RAW DATA:
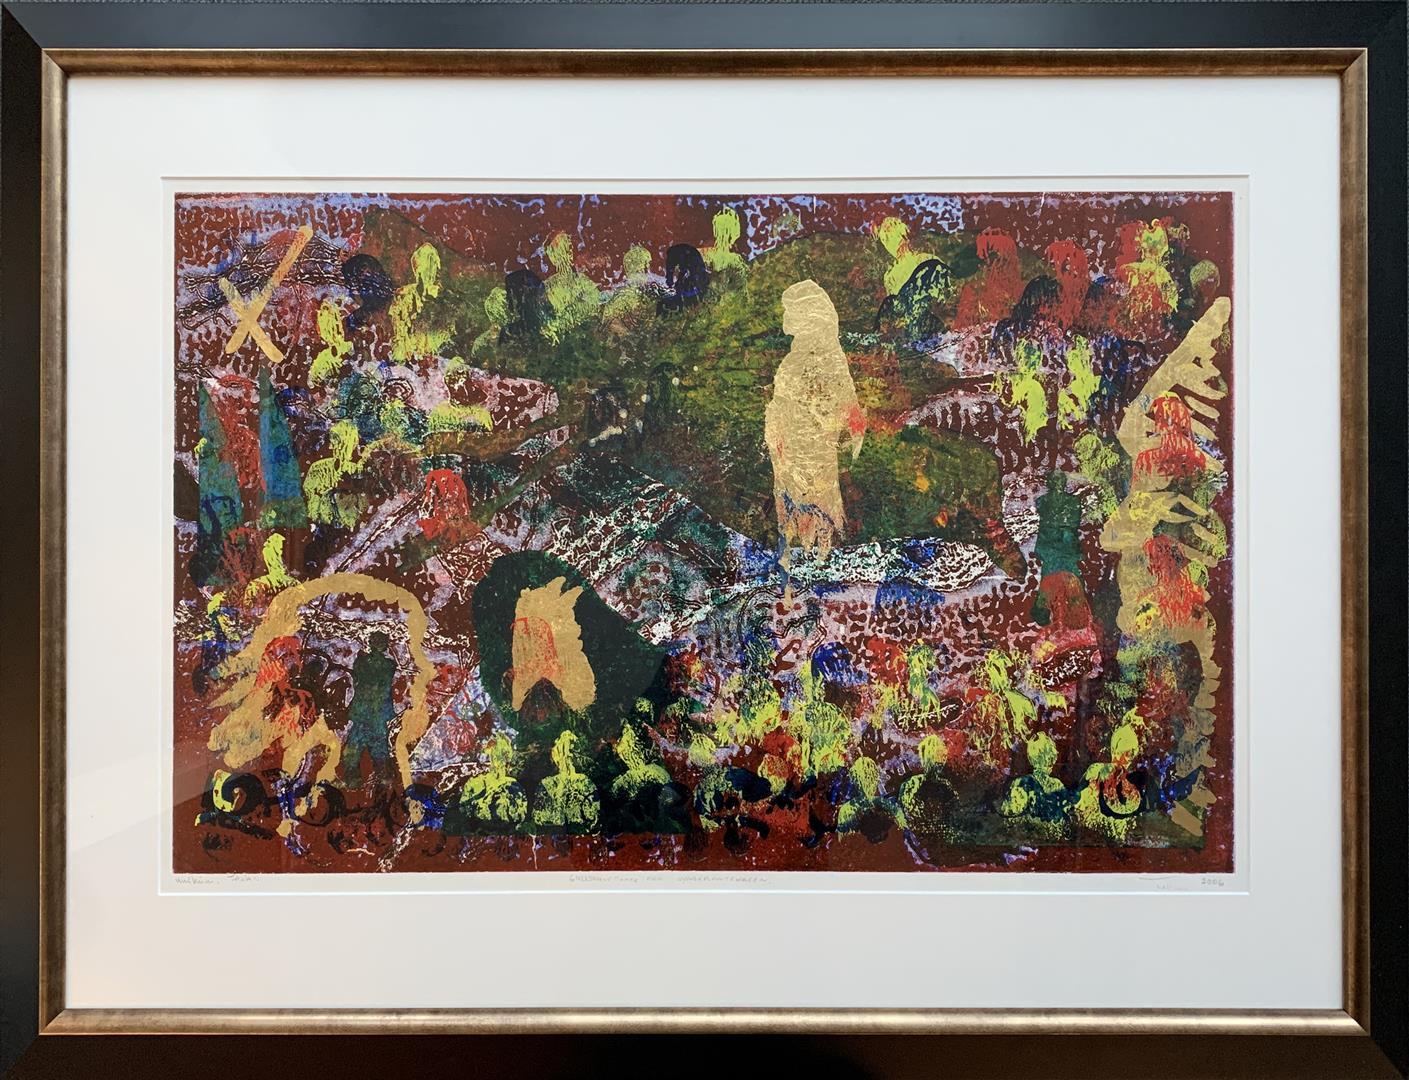 Gullskulptur fra Syngeplantehagen Materialtrykk bladgull (50x87 cm) kr 18000 mr
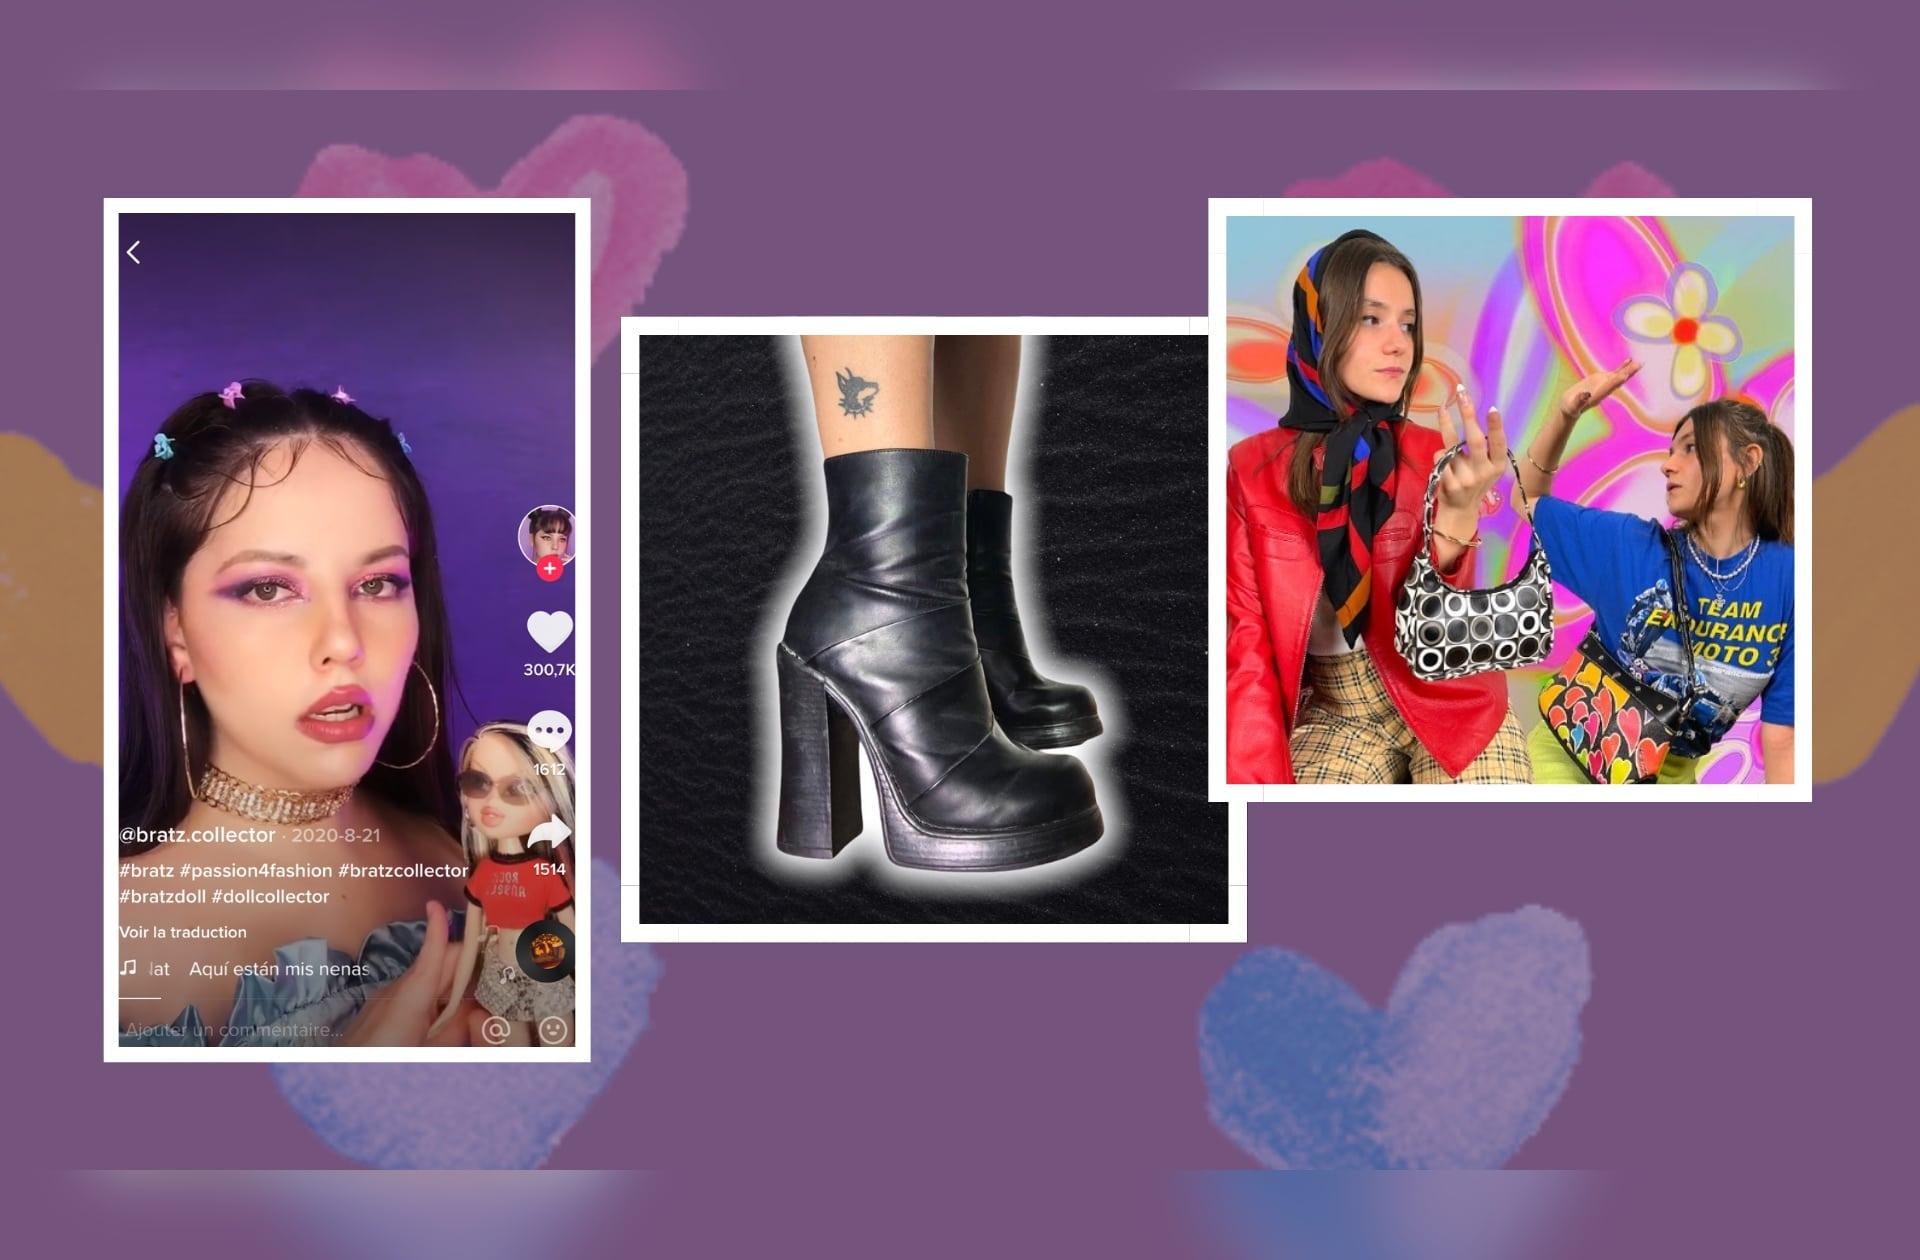 «Fun, coloré, sexy et naïf»:pourquoi le style des Bratz cartonne chez la génération Z
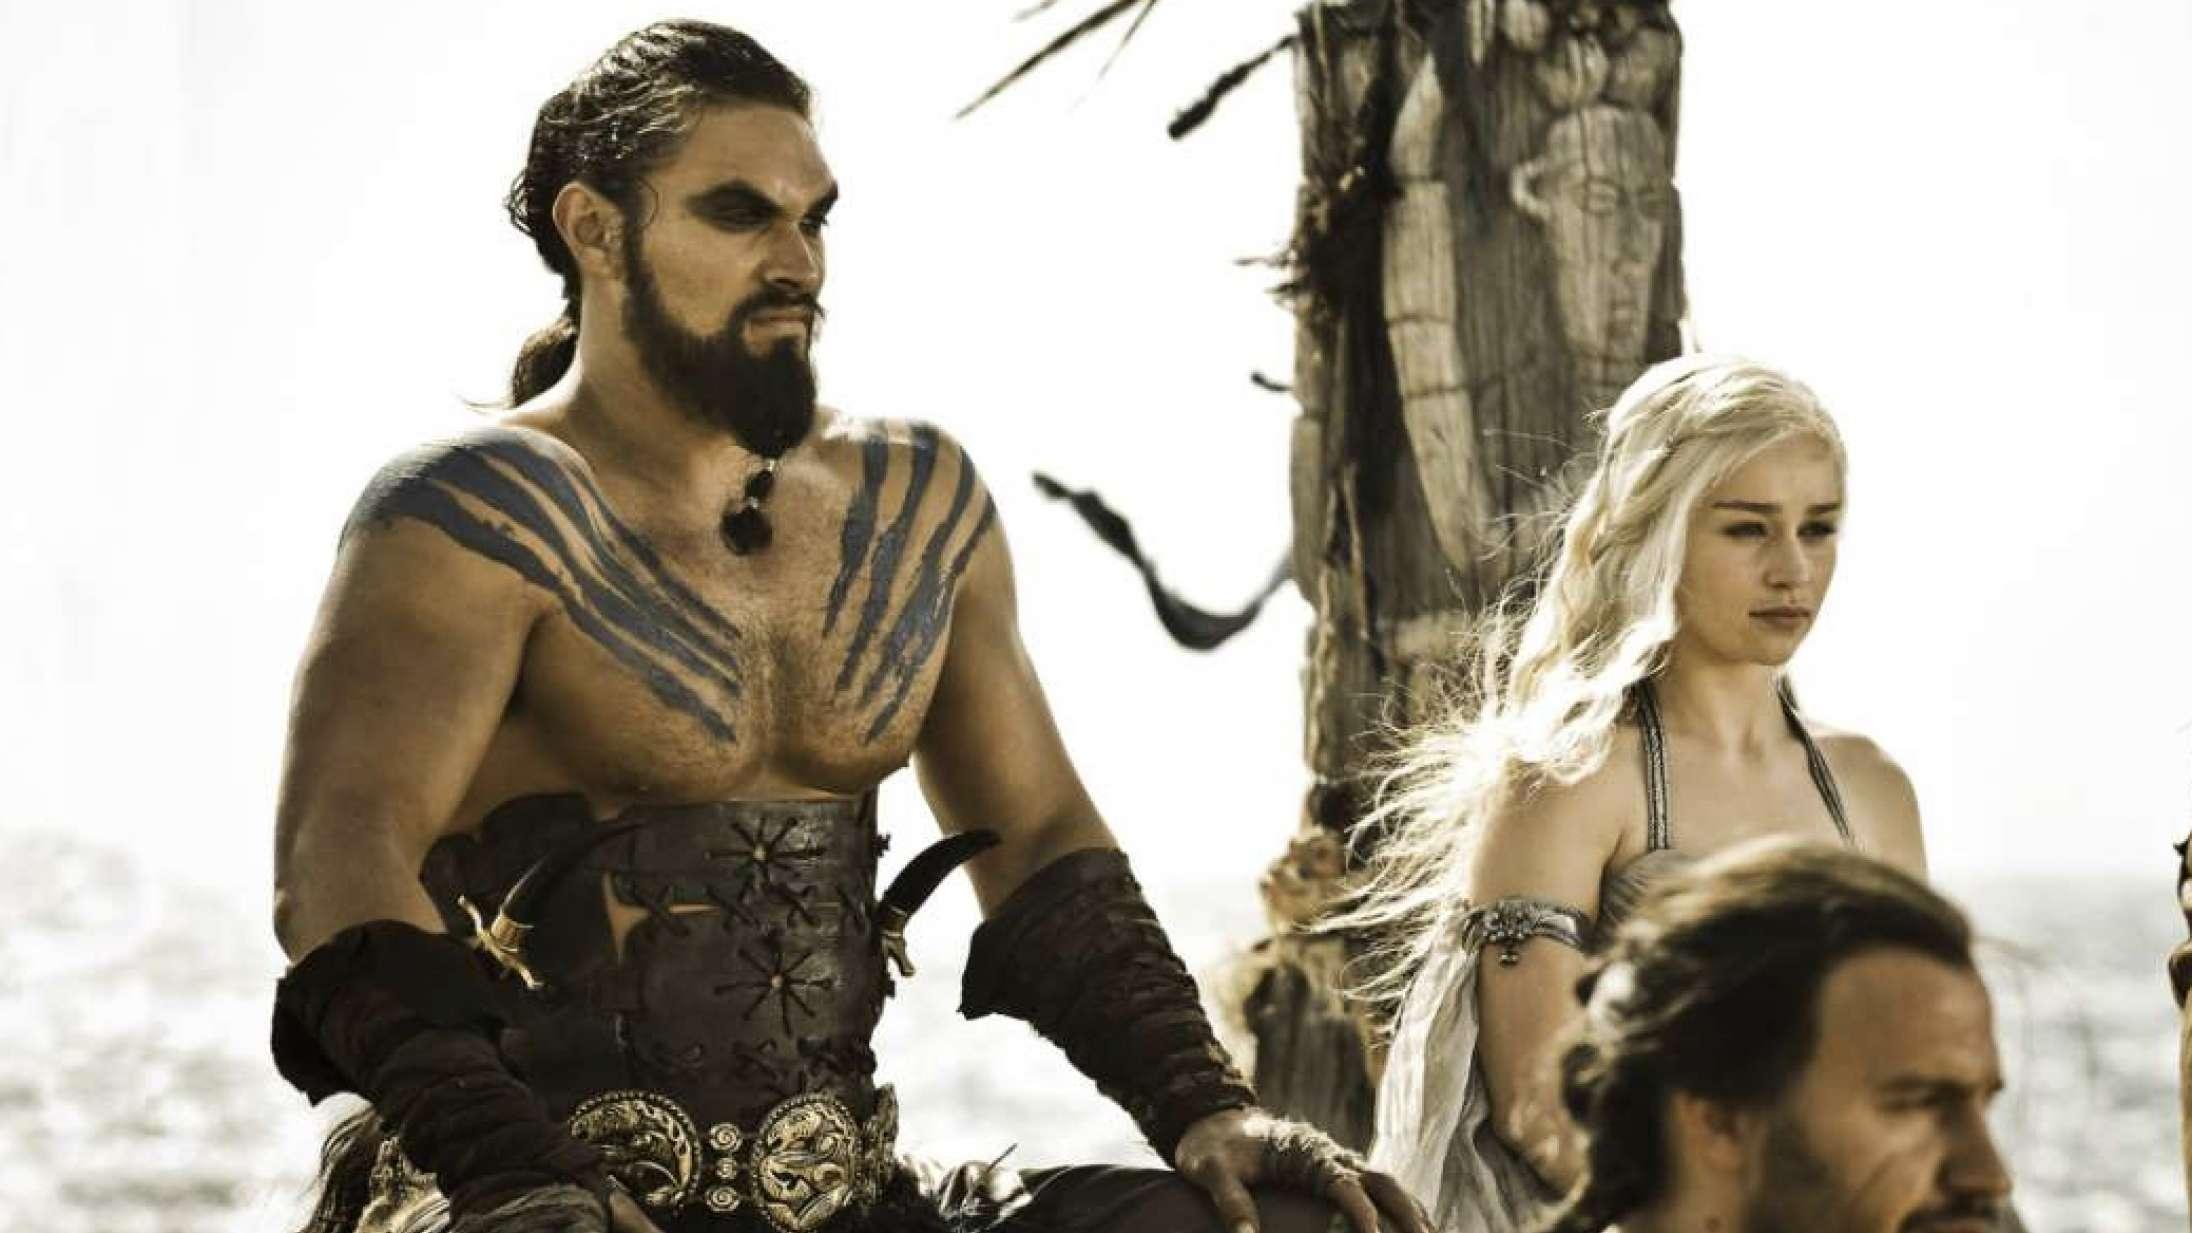 Jason Momoa kritiserer journalist for spørgsmål om, hvorvidt han fortryder voldtægtsscene i 'Game of Thrones'

YOUR INSTRUCTIONS: Retype the data above exactly; pictures are not part of the copy.

ANSWER TO THIS EXERCISE:
 Gullskulptur fra Syngeplantehagen Materialtrykk bladgull (50x87 cm) kr 18000 mr
 «Fun, coloré, sexy et naïf»:pourquoi le style des Bratz cartonne chez la génération Z
 Jason Momoa kritiserer journalist for spørgsmål om, hvorvidt han fortryder voldtægtsscene i 'Game of Thrones'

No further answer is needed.